When we started work [in the early ’60s], there was essentially no interest. It’s kind of ridiculous. I asked for a grant from [National Institutes of Health] and they told me, ‘It’s not relevant. Nobody smokes marijuana in the U.S., people do it in Mexico.’ A year or two later, for some peculiar reason, a lot of people started smoking marijuana and then NIH, all of a sudden, became interested and they supported my work for almost 45 years. In the early ’80s, we published a paper showing that cannabidiol [CBD] is a very good antiepileptic, and I thought it would be developed [as a drug], particularly since it shows no side effects. Nothing happened for 35 years, and then some parents, not companies, discovered cannabidiol helps their children with pediatric epilepsy. So, there was some pressure in the U.S., and social pressure in the U.S. works. The FDA approved a clinical trial, and the clinical trial said yes, it’s an excellent drug in certain types of epilepsy. And so
[Epidiolex] has been approved. Now, the approval could have been made 35 years ago, and we could have helped thousands of children. So I hope that we won’t have to wait 30 or 40 years for the other discoveries.
You’ve also pursued research into the cannabinoid-like compound anandamide, which might have therapeutic potential as well. What makes you excited about it?
We are very much involved in addictions. This is, frankly, a new field, because until recently addiction was thought to be a kind of a psychological thing. We and many others have found that it’s not psychological, it’s an actual disease with compounds and reactions in the body.
If a mouse is addicted to nicotine, for example, the body makes a particular anandamide-like compound which can work against addiction. It can prevent the addiction, or it can lower, very considerably, withdrawal effects. This particular compound lowers, or almost prevents, both nicotine and heroin withdrawal symptoms.
So, here we have something quite practical, I hope. In the U.S. last year, 65,000 people died because of addiction — they overdose themselves. In many cases, these are people who are willing to get rid of their addiction, but they couldn’t. In many cases, this was due to the very strong withdrawal effects. And if there is a drug which essentially eliminates the withdrawal effects of opiates or nicotine, then I hope that it will be of wide use.
But, you see, there is a really major need of clinical trials. Anandamide has never been given to a human as a drug. Almost 100 years ago, when insulin was discovered, it was administered within six months; it became a drug within a year or two. Here we have anandamide, a nontoxic compound which has never been administered, and so it has been sitting around for the last 25 years and nobody has been able to get the OK to give it to humans.
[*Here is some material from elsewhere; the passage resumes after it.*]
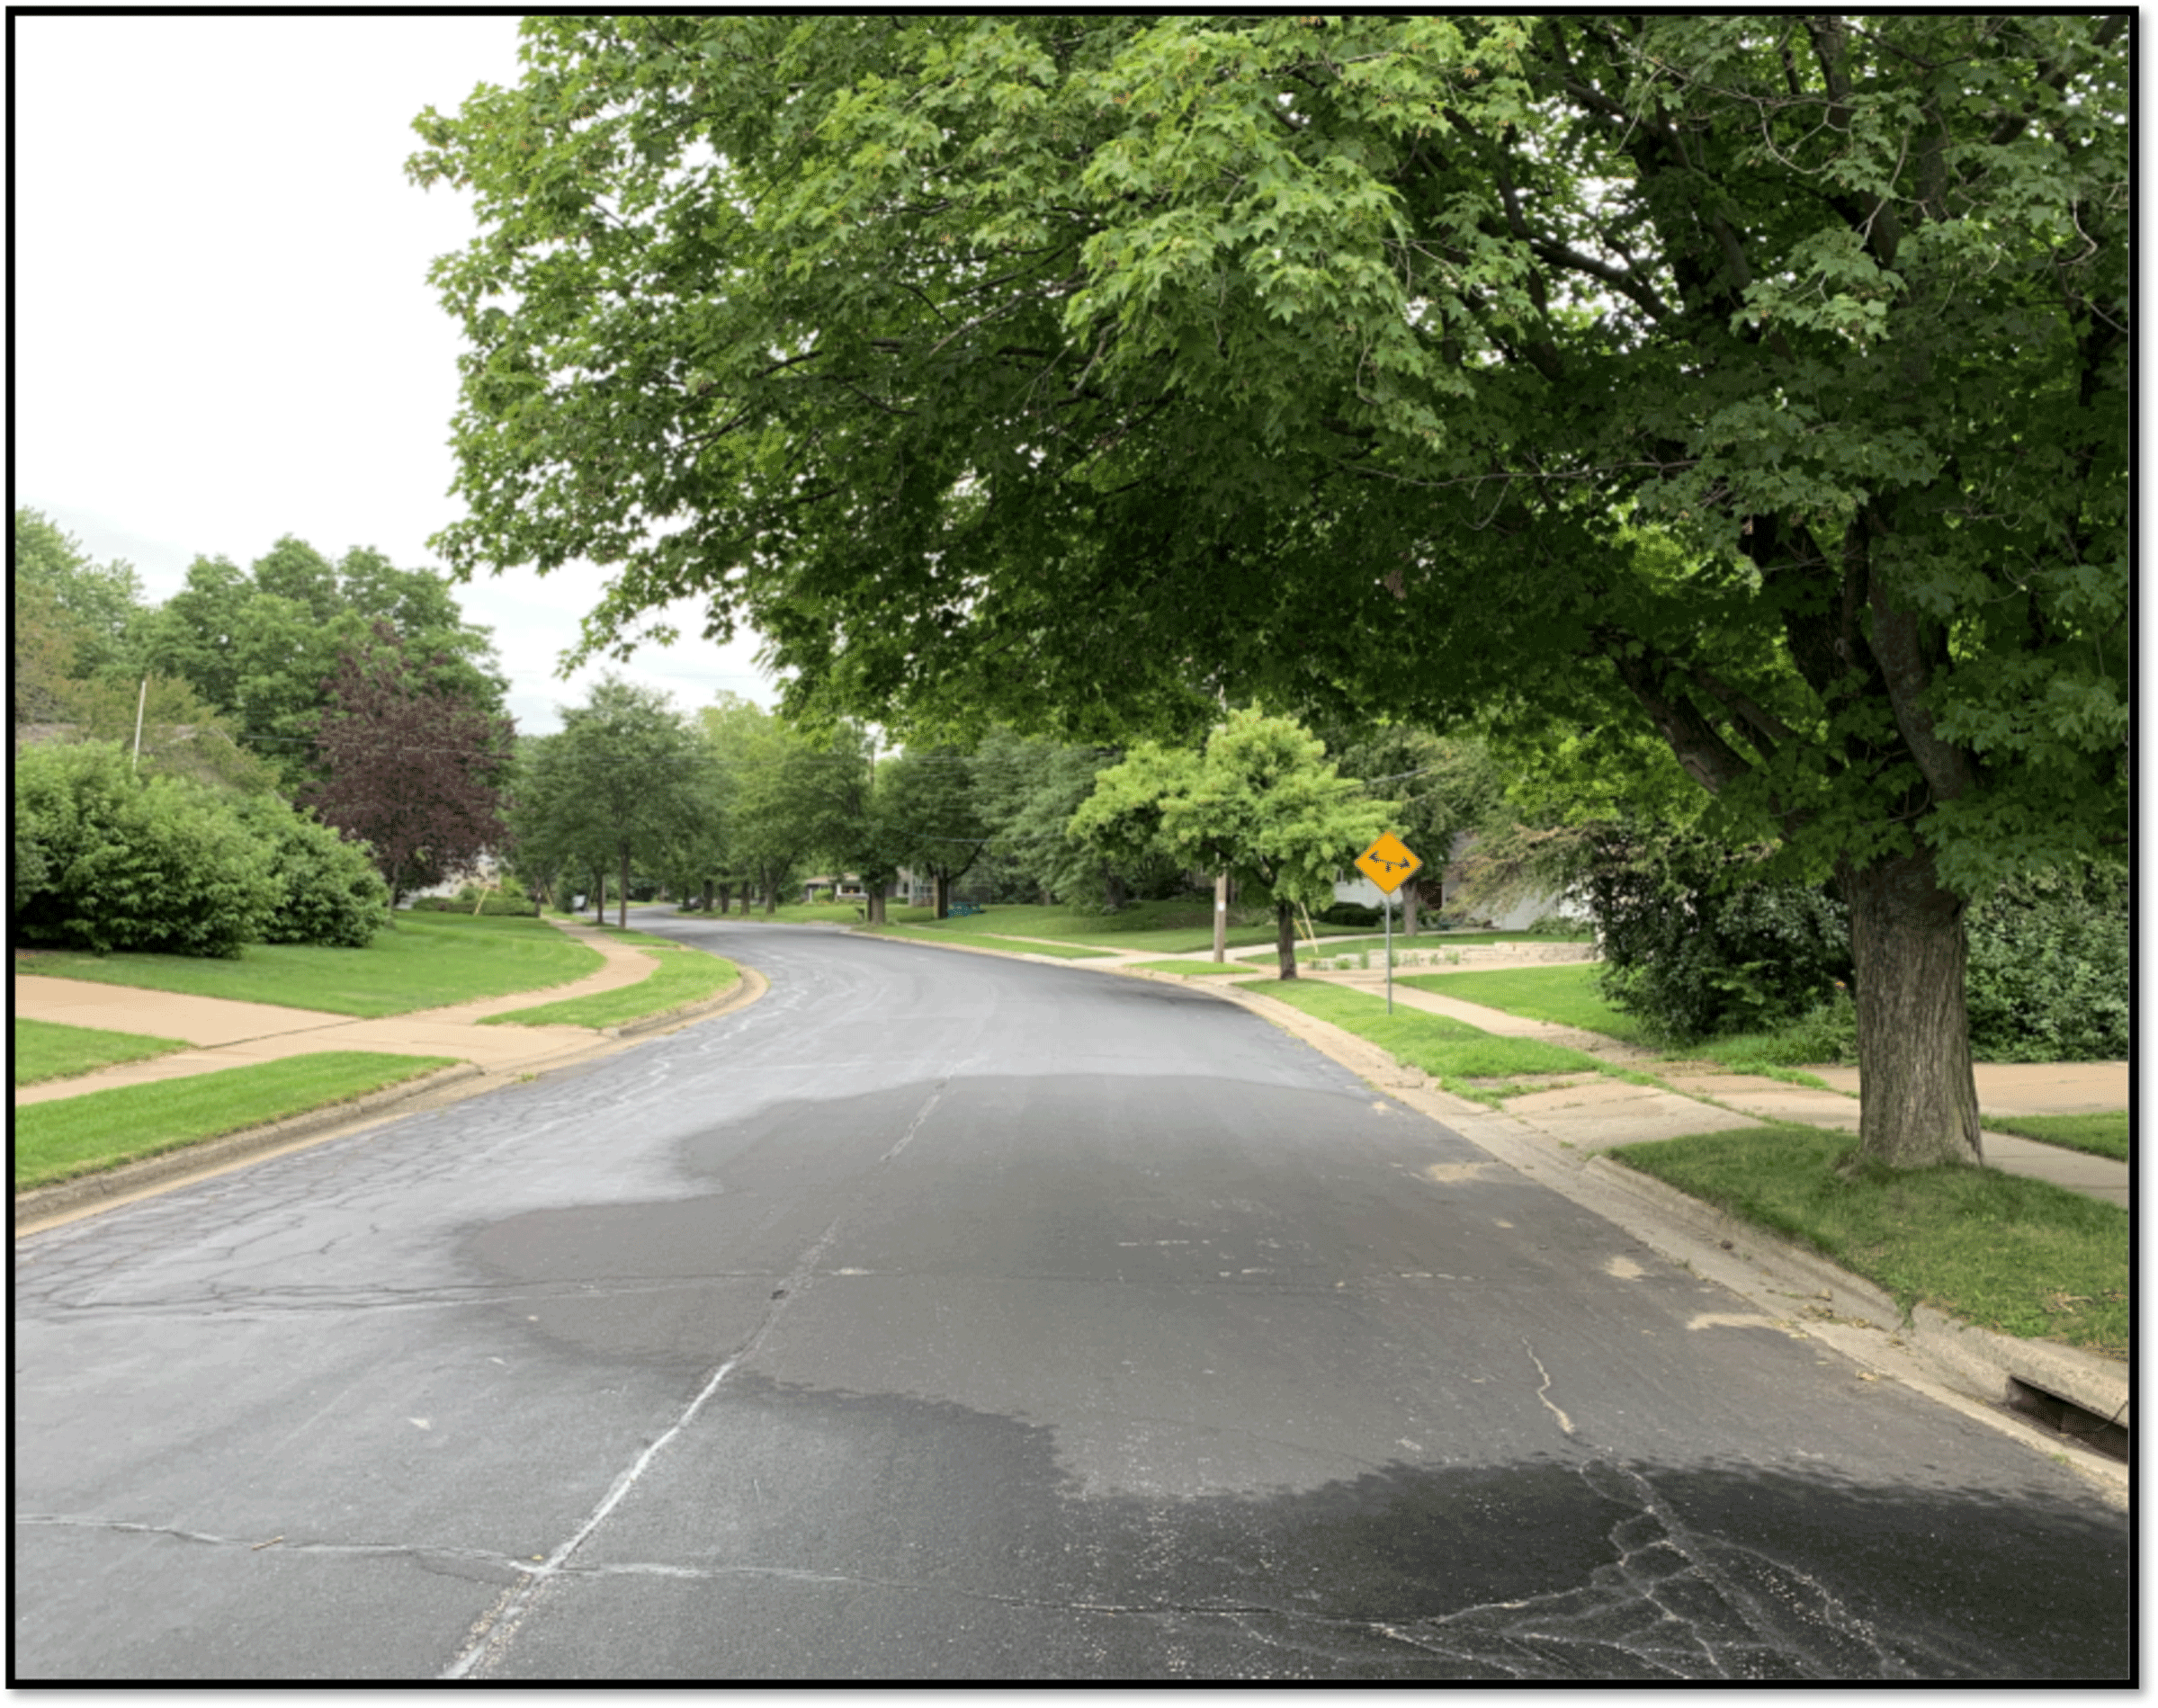 Street surrounded by green vegetation after rainfall.

Some of your work has focused on the immune system. What’s the connection between the endocannabinoid system and disease?
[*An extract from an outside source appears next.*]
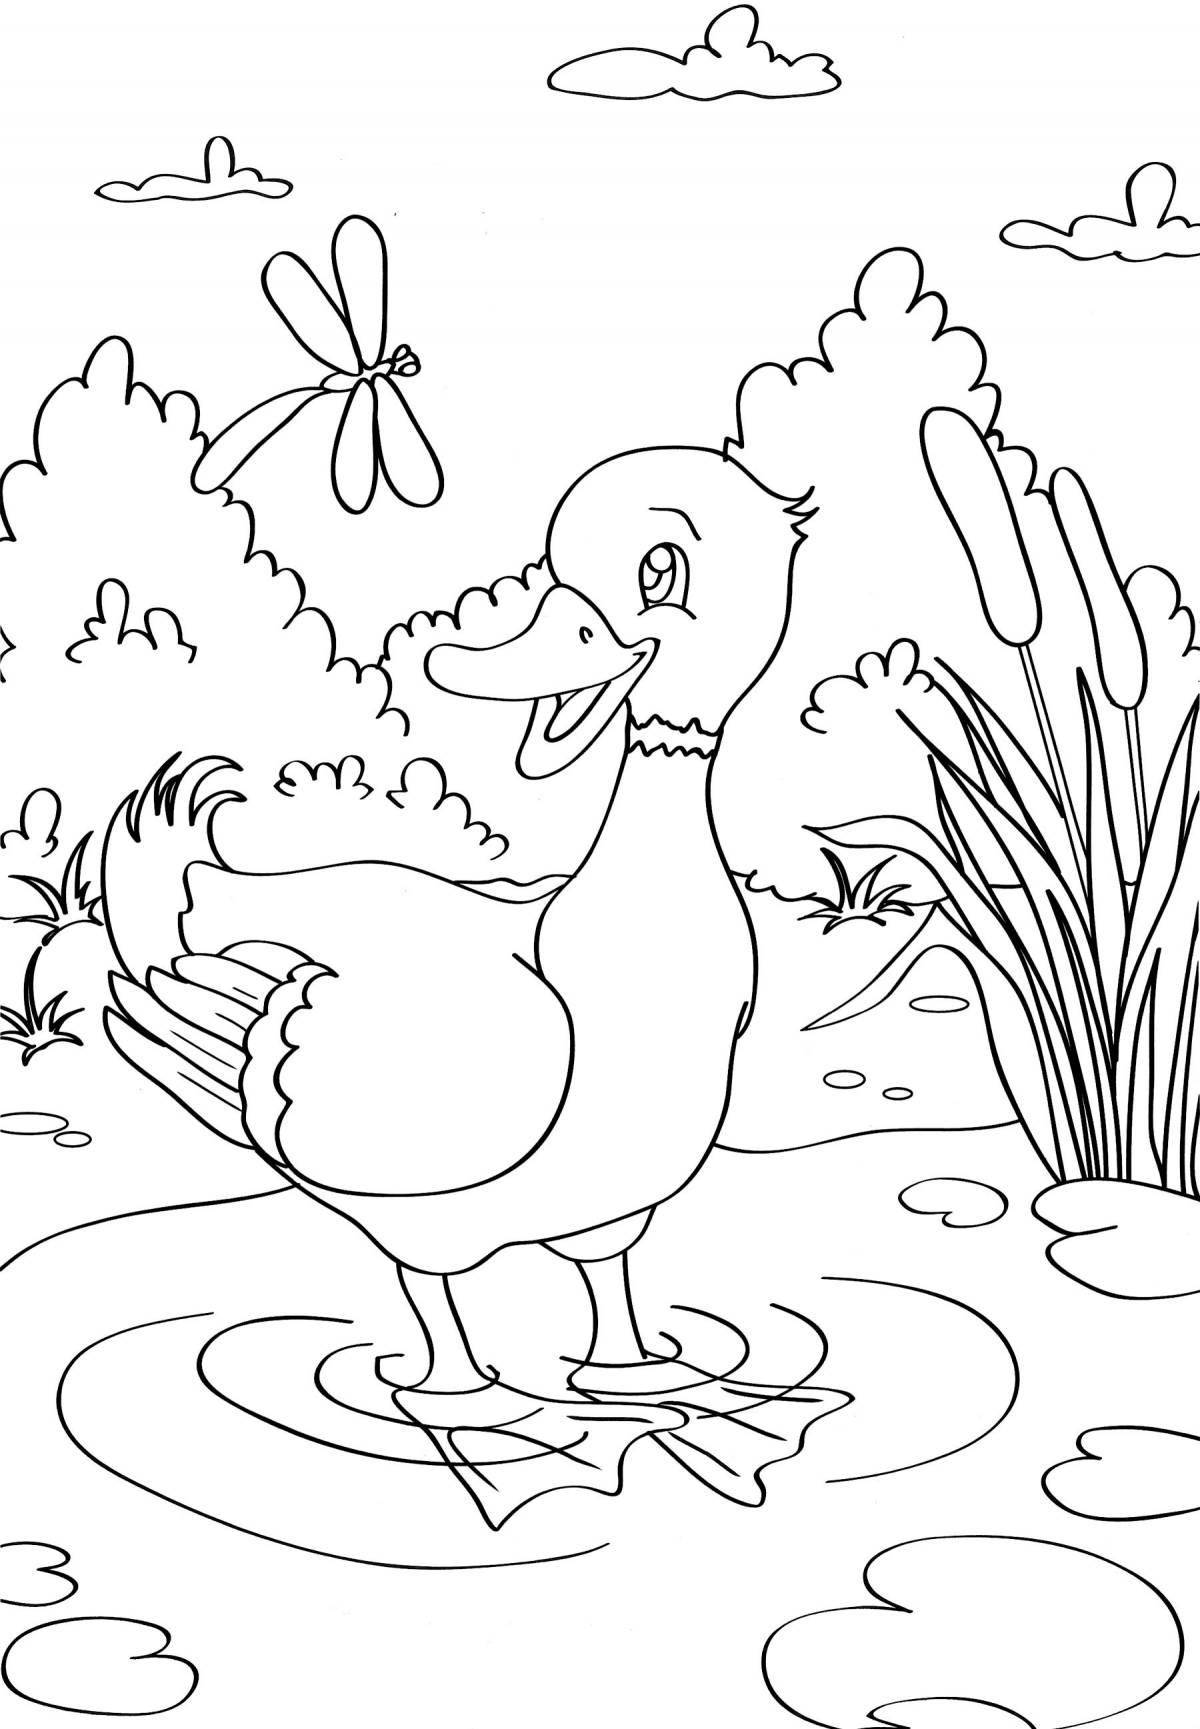 Coloring brave duck - glamorous

From my point of view, our body tries to fight every single disease in most cases with the immune system. It’s a very important system, but the immune system as we know it today doesn’t address some of the diseases. So, the body has other ways to try to fight these diseases, and I believe that the endocannabinoid system is one of the major systems through which the body tries to fight disease. So, maybe in a decade or so, we should be speaking of not only the immune system but the endocannabinoid [system]. It may be an additional way the body attacks disease states.